You mean everytime you go to city center. .. to park your car ?


----------



## kalohi (May 6, 2012)

Gipsy said:


> What / Where parking-s further out center of city would you advise generally close to a metro when visiting Sevilla ?


Next to the Blas Infante metro station there is a huge outdoor parking area where there are always free spaces. It costs 60 cents to park there for as long as you want (and this only if one of the parking guys comes up to charge you). The entrance to the parking area is from the Avenida Alfredo Kraus, about 100 yards up from the intersection of Avenida Alfredo Kraus and Avenida Blas Infante. From there it's a 5 minute metro ride to the city center (Puerta de Jerez).


----------



## kalohi (May 6, 2012)

Gipsy said:


> mm.. no
> manoeuvring through small street doesnt appeal to me.
> thank you for all the info.
> 
> ...


The ceramics museum is a little gem if you're interested in the history of ceramics in the region. It's located directly next to the shop Cerámica Triana. 

Unfortunately it's not right in the city center. It's approximately a 20-25 minute walk from the cathedral.


----------



## Alcalaina (Aug 6, 2010)

kalohi said:


> Next to the Blas Infante metro station there is a huge outdoor parking area where there are always free spaces. It costs 60 cents to park there for as long as you want (and this only if one of the parking guys comes up to charge you). The entrance to the parking area is from the Avenida Alfredo Kraus, about 100 yards up from the intersection of Avenida Alfredo Kraus and Avenida Blas Infante. From there it's a 5 minute metro ride to the city center (Puerta de Jerez).


That's useful to know. Would you say it was safe to leave a car there overnight?


----------



## kalohi (May 6, 2012)

Alcalaina said:


> That's useful to know. Would you say it was safe to leave a car there overnight?


Not on a Friday or Saturday night because it's where kids gather to drink and have a "botellón". The other nights it would probably be ok, but only if the car were parked as near to the station as possible. It's a _big_ empty lot (part of the parking area for the April Fair) and a lone car way out there might seem like an easy target.

I actually recommend to visiting friends that for overnight parking they leave their car curbside on the nearby street Ruben Darío, which is the street diagonally opposite the metro station. During the day it's hard to park there because of nearby business activity, but in the evening/night it frees up. A plus is that it's right next to a police station so there are lots of security cameras there - can't get much safer than that!


----------



## Megsmum (Sep 9, 2012)

Gipsy said:


> You mean everytime you go to city center. .. to park your car ?

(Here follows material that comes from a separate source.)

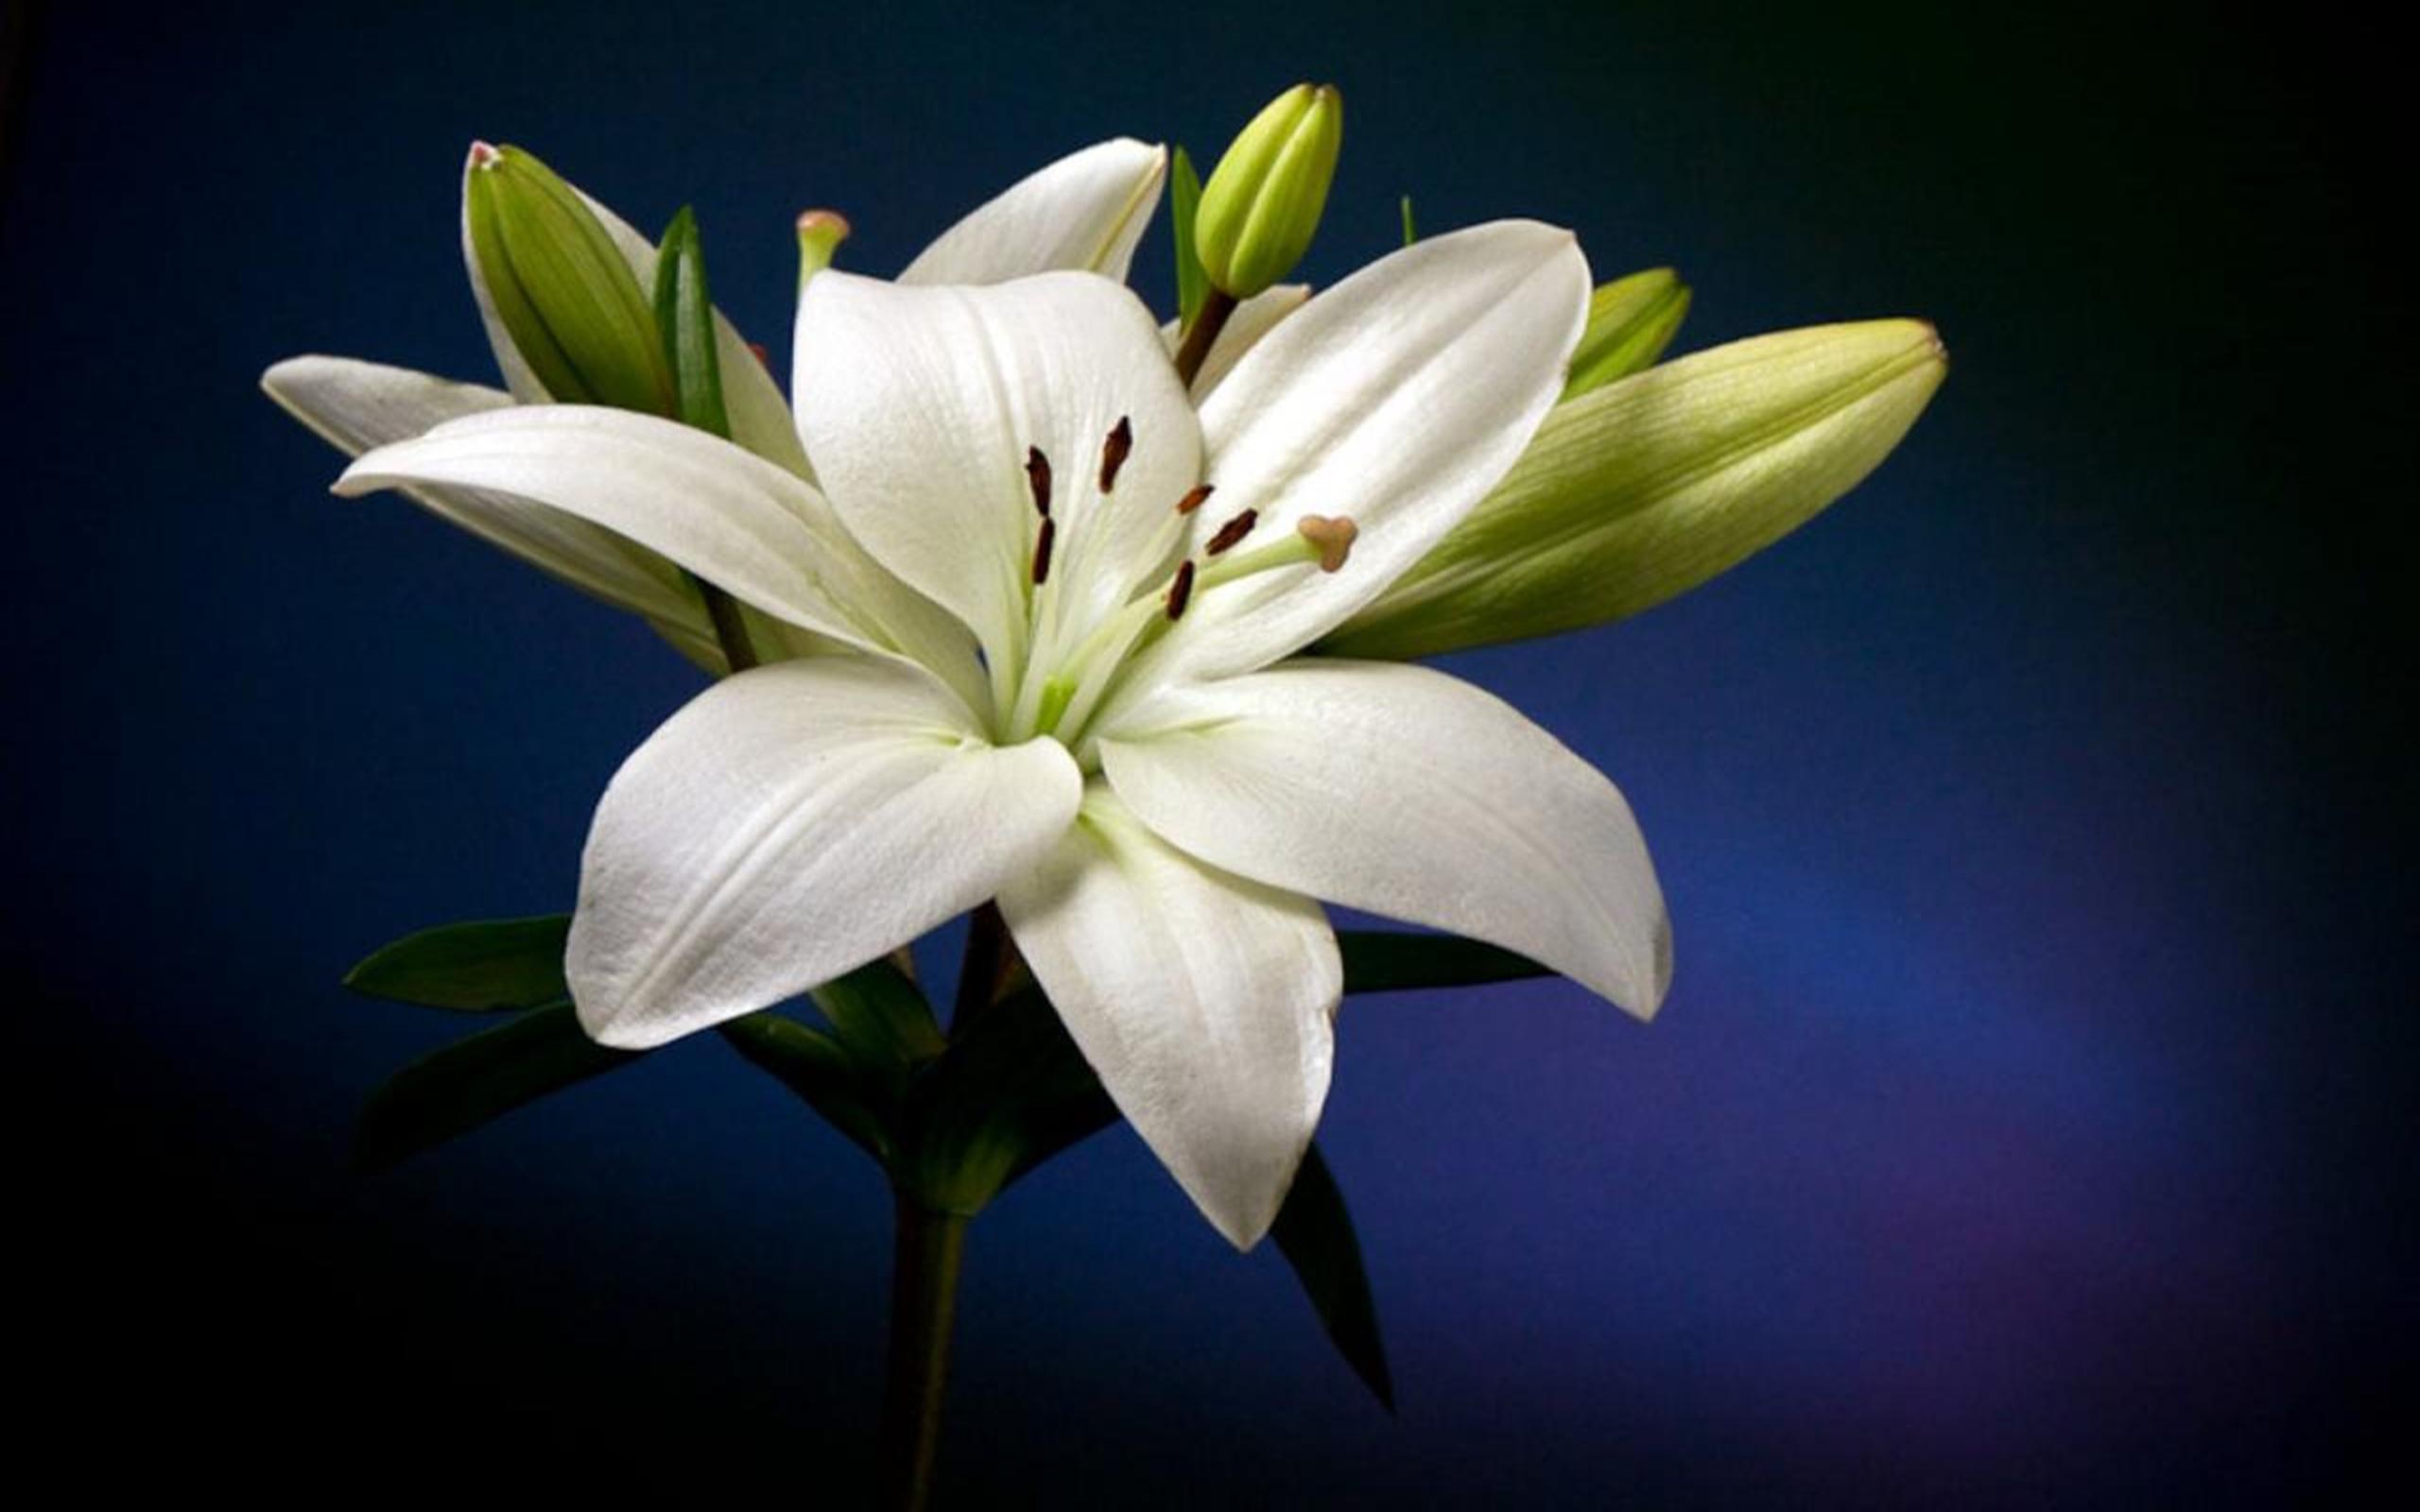 Rose Flower Wallpaper Hd Free Download Beautiful White Lily Flower Hd Wallpaper Wallpapers13 Com

No, apologies, I misread the original post re visiting the city in the morning


----------



## Gipsy (Nov 20, 2017)

kalohi said:


> Not on a Friday or Saturday night because it's where kids gather to drink and have a "botellón". The other nights it would probably be ok, but only if the car were parked as near to the station as possible. It's a _big_ empty lot (part of the parking area for the April Fair) and a lone car way out there might seem like an easy target.
> 
> I actually recommend to visiting friends that for overnight parking they leave their car curbside on the nearby street Ruben Darío, which is the street diagonally opposite the metro station. During the day it's hard to park there because of nearby business activity, but in the evening/night it frees up. A plus is that it's right next to a police station so there are lots of security cameras there - can't get much safer than that!


Useful information, will keep it preciously. Thanks a lot


----------